Billed as an institution dedicated to preserving “the enduring legacies of all forms of music,” the GRAMMY Museum has been no stranger to multimedia storytelling. By design and necessity, the LA-based venue (with outposts in Mississippi, Nashville, and Newark) has leveraged digital tools like onsite touchscreens, Spotify playlists, and a streaming platform, Collection:Live, to deliver content in a form that encapsulates the many dimensions of its subject. And just last week, the institution added more to its virtual programming to expand the scope and reach of its digital presence.
What happened
Following its COVID-era Museum At Home line-up that included online exhibitions and educational videos, the GRAMMY Museum now boasts a set of virtual tours, which users can access from their desktop or devices. Currently on view are immersive tours of exhibitions including Motown: The Sound of America and Dave Matthews Band: Inside and Out, where visitors can navigate the 3D space, get an eagle’s eye perspective of floor plans, or zoom into artifacts for detailed descriptions.

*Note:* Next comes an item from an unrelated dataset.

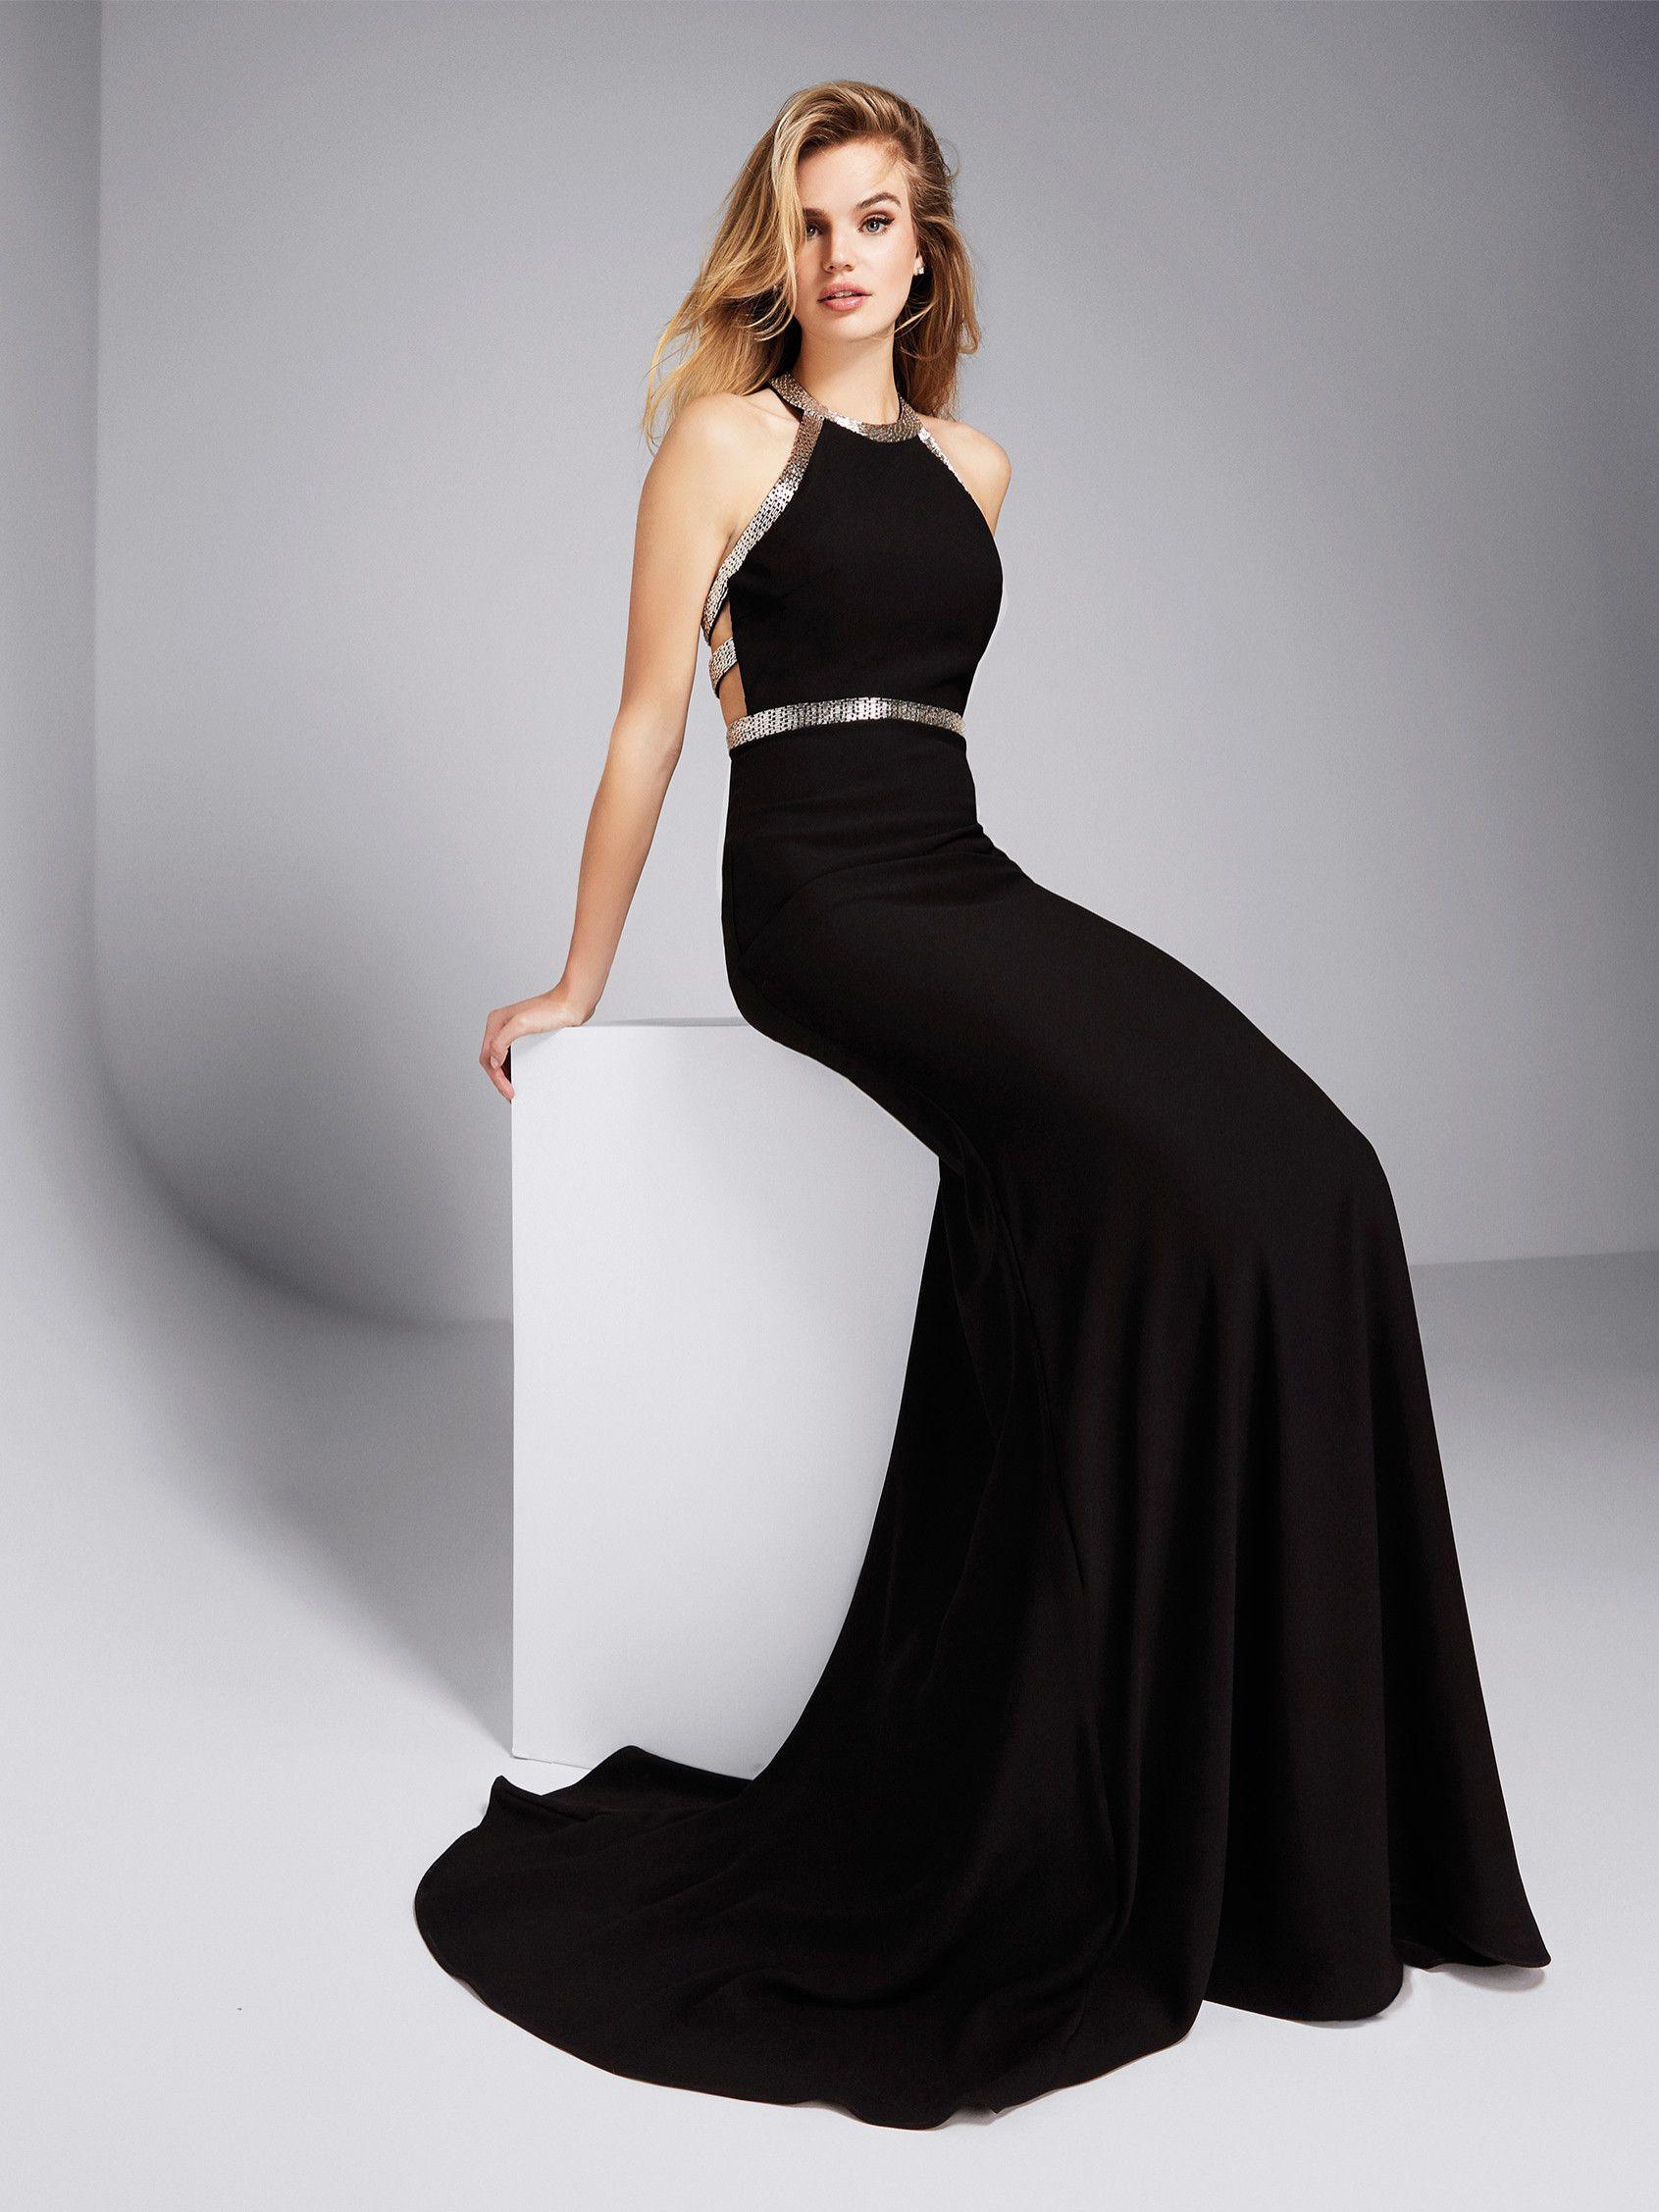 Comprar vestido largo de boda

Created with Matterport, each experience also features audio hotspots, curator-led videos, and shoppable links to purchase merchandise. The Y Para Siempre… Marco Antonio Solís tour, in particular, includes an exclusive walk-through video with the Mexican musician himself.
The above effort to grow the organization’s digital audience also includes the GRAMMY Museum’s own streaming service Collection:Live. Launched over 2020’s lockdowns, the platform offers subscribers access to exclusive performances, livestreams, artist interviews, and the institution’s archival material — and as of last week, has been made entirely free for all.
Why it matters
The GRAMMY Museum’s refreshed virtual presence reflects on the one key lesson picked up over the pandemic-related lockdowns: that cultural institutions have doors beyond their physical ones. Digital has become imperative as venues from the Academy Museum to the Louvre have made their digital offerings permanent fixtures, all the better to bolster their storytelling and capture demographics across geographic divides.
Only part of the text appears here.